Wednesday, August 9, 2006

Lightning, wind spark wildfires

Potato Fire still burning near Stanley

Express Staff Writer

A firefighting helicopter replenishes its water supply last week during efforts to control the Potato Fire, near Stanley. The fire was 25 percent contained at 5,233 acres Tuesday morning. Photo by David N. Seelig

Lightning and wind sparked numerous wildfires on public land in south-central Idaho Sunday and Monday. What's more, initial reports that a large, possibly fire-related power outage stretching from the Wood River Valley to Twin Falls are apparently not true.

A blaze erupted Tuesday afternoon on Broadford Road east of the Minnie Moore Mine near Bellevue. At least one structure, which appeared to be a barn, had been burned. The cause and exact size of the fire had not been determined, according to Wood River Fire and Rescue.

A storm Monday evening knocked out power for a significant portion of Southern Idaho and sparked a fire south of Shoshone. According to Sky Buffat, public information officer for the Bureau of Land Management's field office in Shoshone, initial speculation that the nearly two-hour power outage was related to a fire was not true.

Idaho Power officials could not be reached for comment, but power was restored to the southern Wood River Valley Monday night.

The 400-acre blaze, known as the Pipeline Fire, was expected to be controlled Tuesday night.

The Owinda Fire, which was 70 percent contained at 25,000 acres Tuesday afternoon, was sparked Sunday night east of Shoshone. The blaze quickly ran north through wild grass and sage toward Richfield, where crews initiated a controlled burn to prevent the flames from advancing closer to town.

"It does appear that has been successful," Buffat said, referring to the controlled burn.

"There's a red flag warning in effect today," Buffat added, referring to National Weather Service warnings of low humidity and high wind—major wildfire ingredients. "Crews are out there watching it to see what happens."

The fire made little progress Tuesday, but Buffat said a control date has yet to be set.

Lightning strikes sparked several other small fires, most of them less than a quarter-acre in size, on BLM and Forest Service land.

"We're dealing with a lot of fires," Buffat said. But aside from the Owinda blaze, "none of them are large," she added.

Ed Waldapfel, spokesman for the Sawtooth National Forest, said several fires less than a quarter-acre in size have kept crews on their toes. But given the severity of recent storms combined with wind and dry vegetation, "we have been extremely fortunate," he said.

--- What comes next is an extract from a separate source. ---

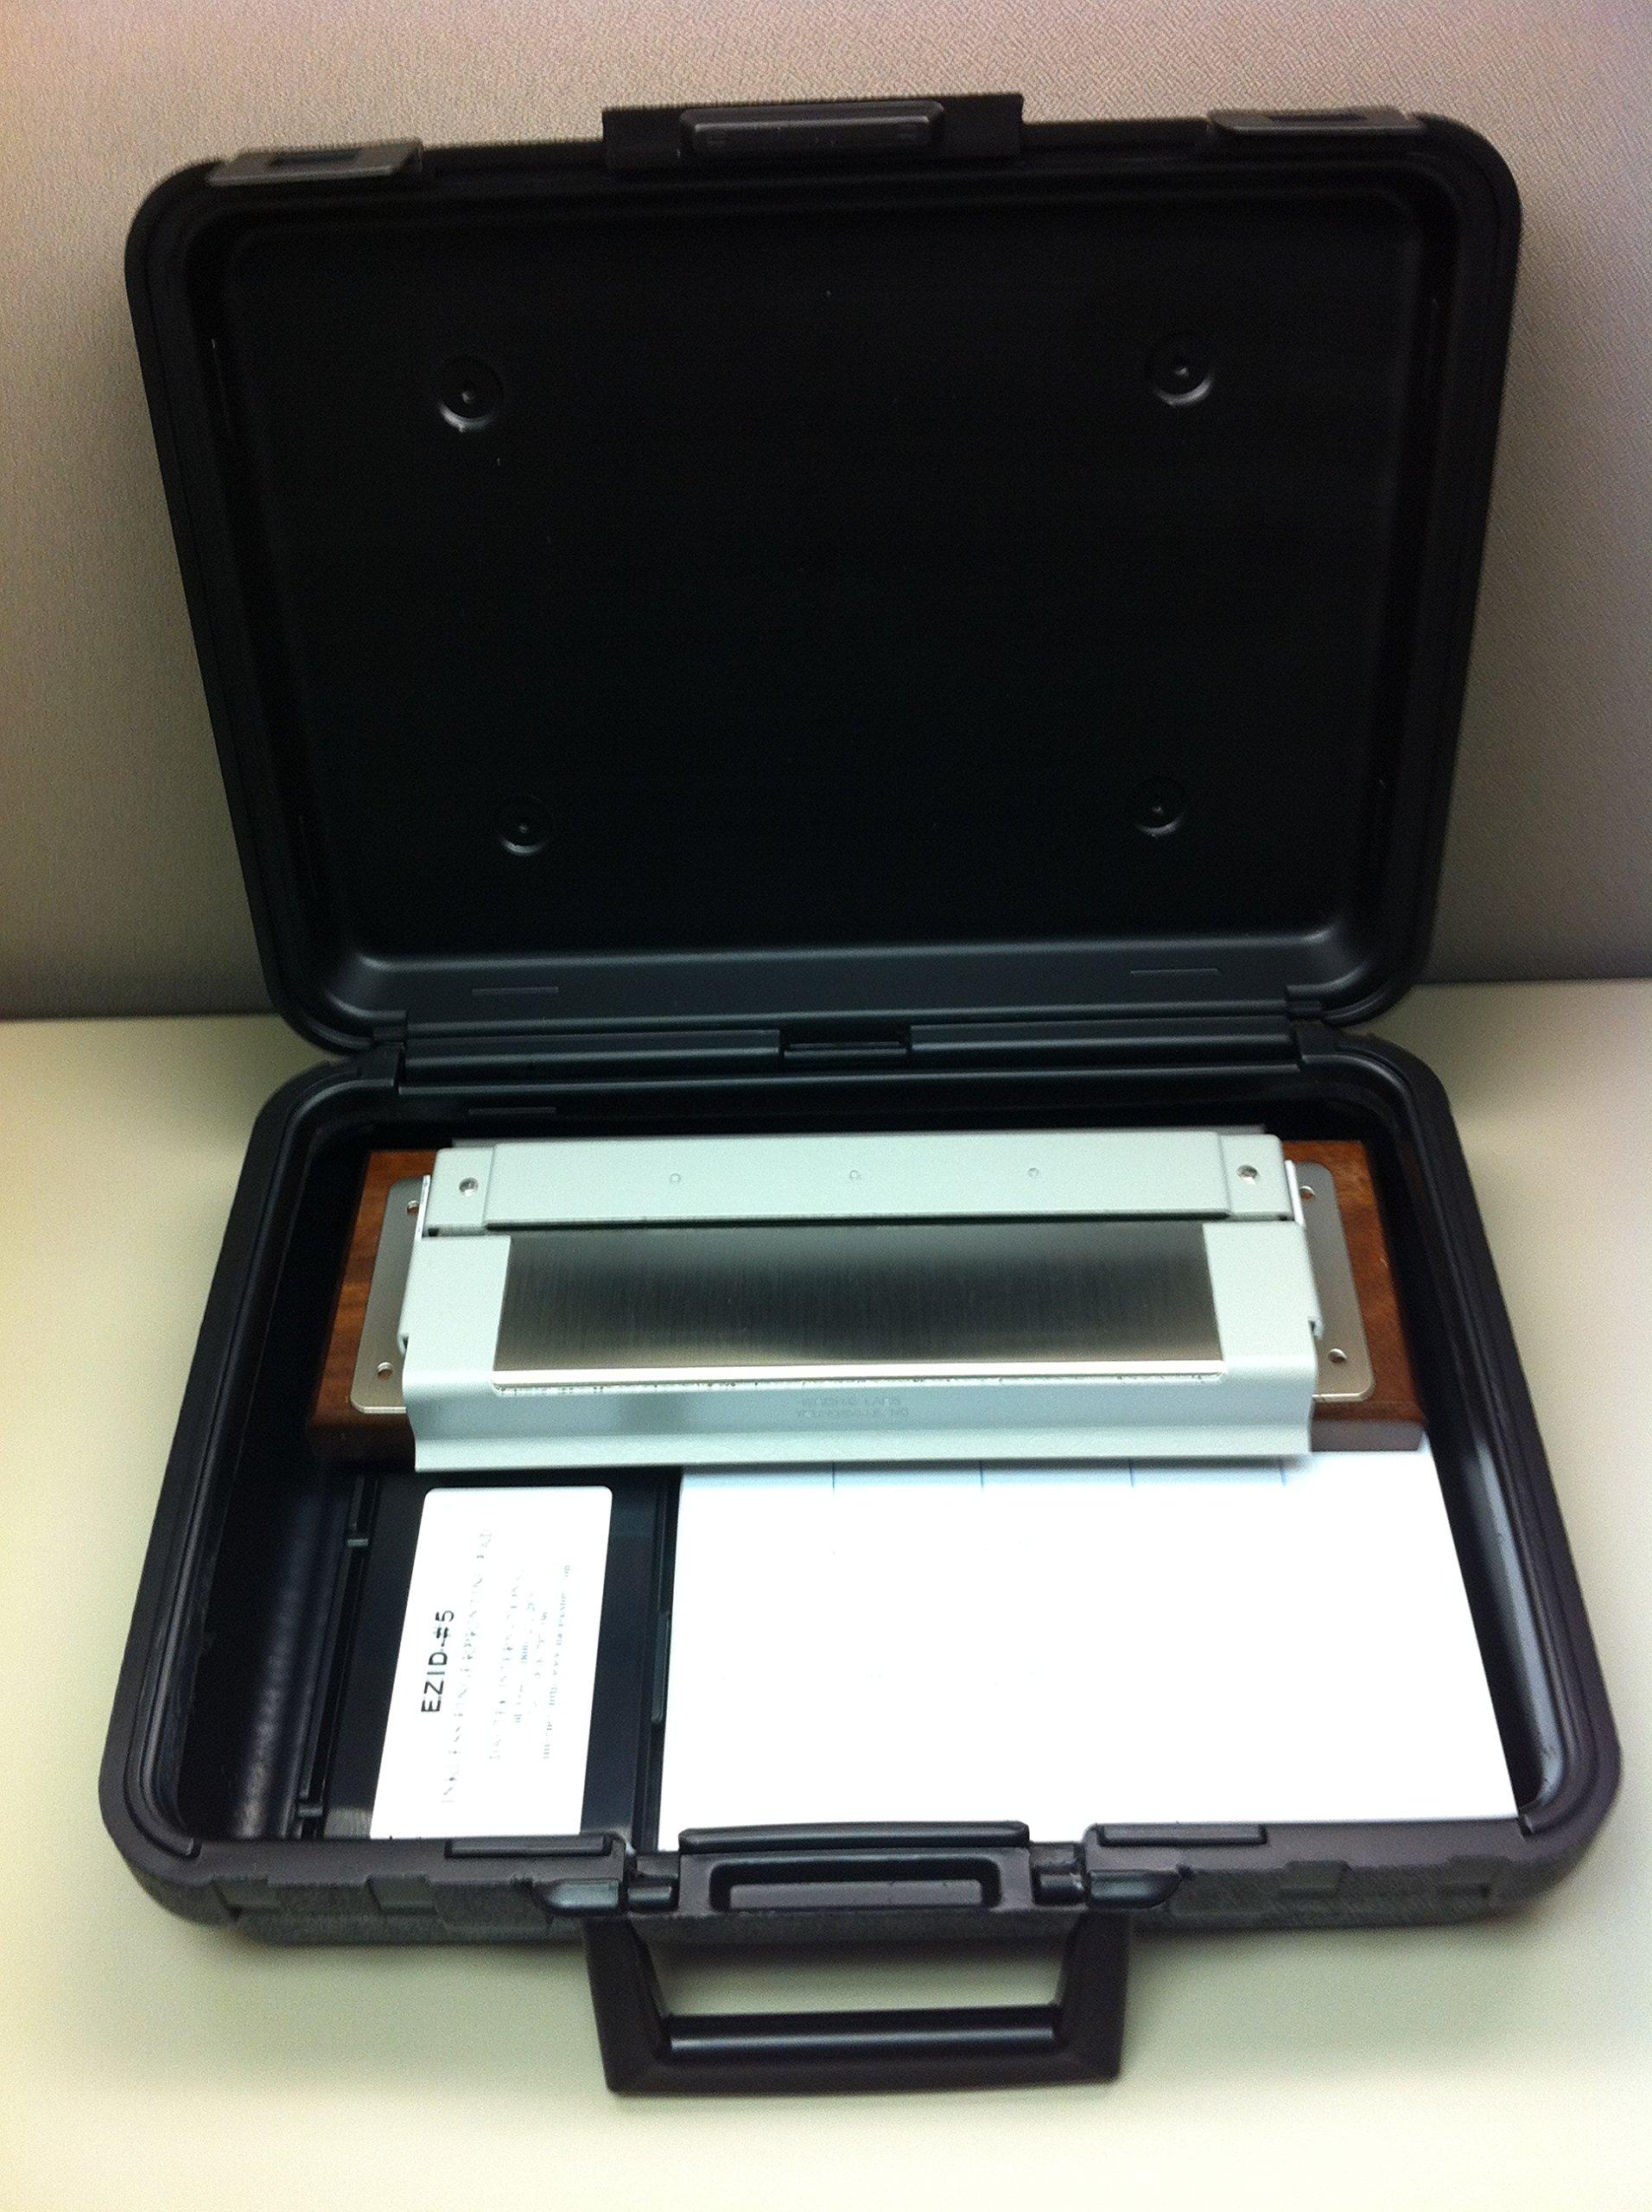 Professional Inkless Portable Fingerprint Workstation
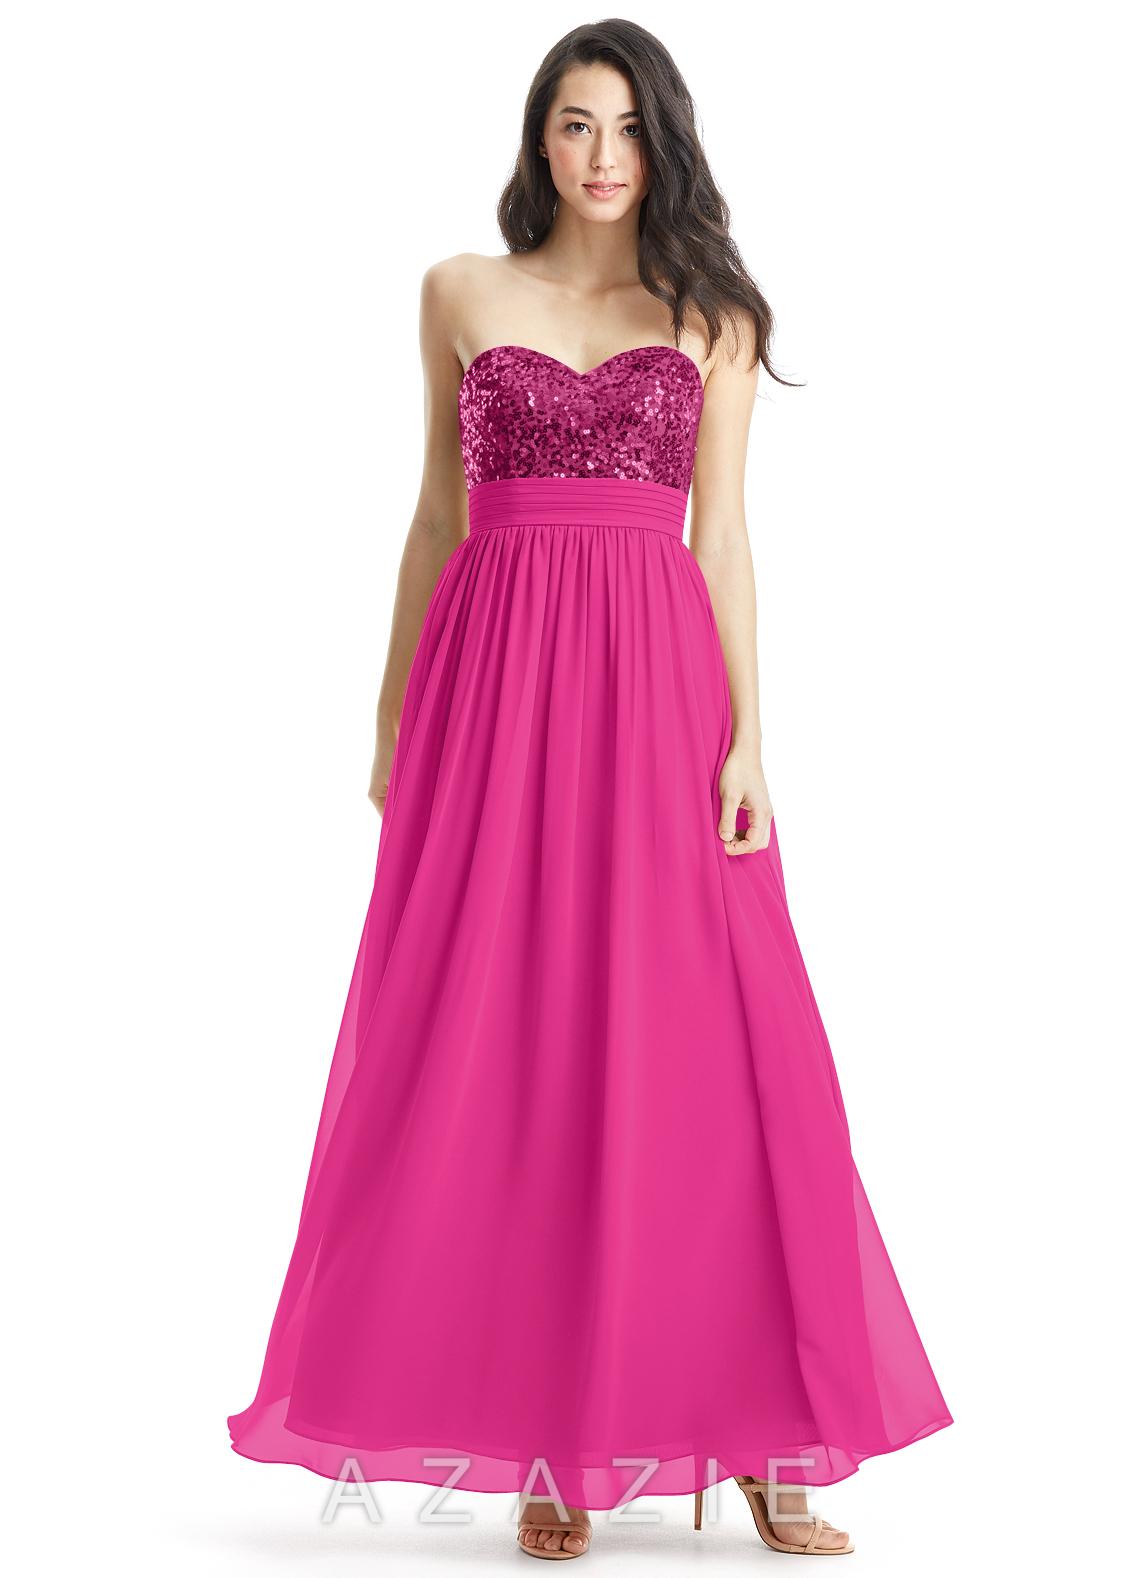 Azazie lucy bridesmaid dress azazie color fuchsia ombrellifo Choice Image

The Potato Fire, burning in grass, sub-alpine fir and lodgepole pine in the Salmon-Challis National Forest seven miles north of Stanley, was 25 percent contained at 5,233 acres Tuesday morning, according to updates.

The fire was sparked by lighting July 28 and is continuing to threaten 10 residences, 61 structures, power lines, campgrounds and natural and historic resources near Yankee Fork. One small, historic cabin has been consumed by flames.

A Type 1 Incident Management Team, which is the most serious, is managing the blaze.

Twenty-three crews, seven helicopters, 14 engines, seven water tenders, two bulldozers and a total of 767 personnel are working the fire. An estimated 19 miles of additional line are needed to contain the fire. The Yankee Fork Road remains closed.

To date, the fire has cost $5.18 million.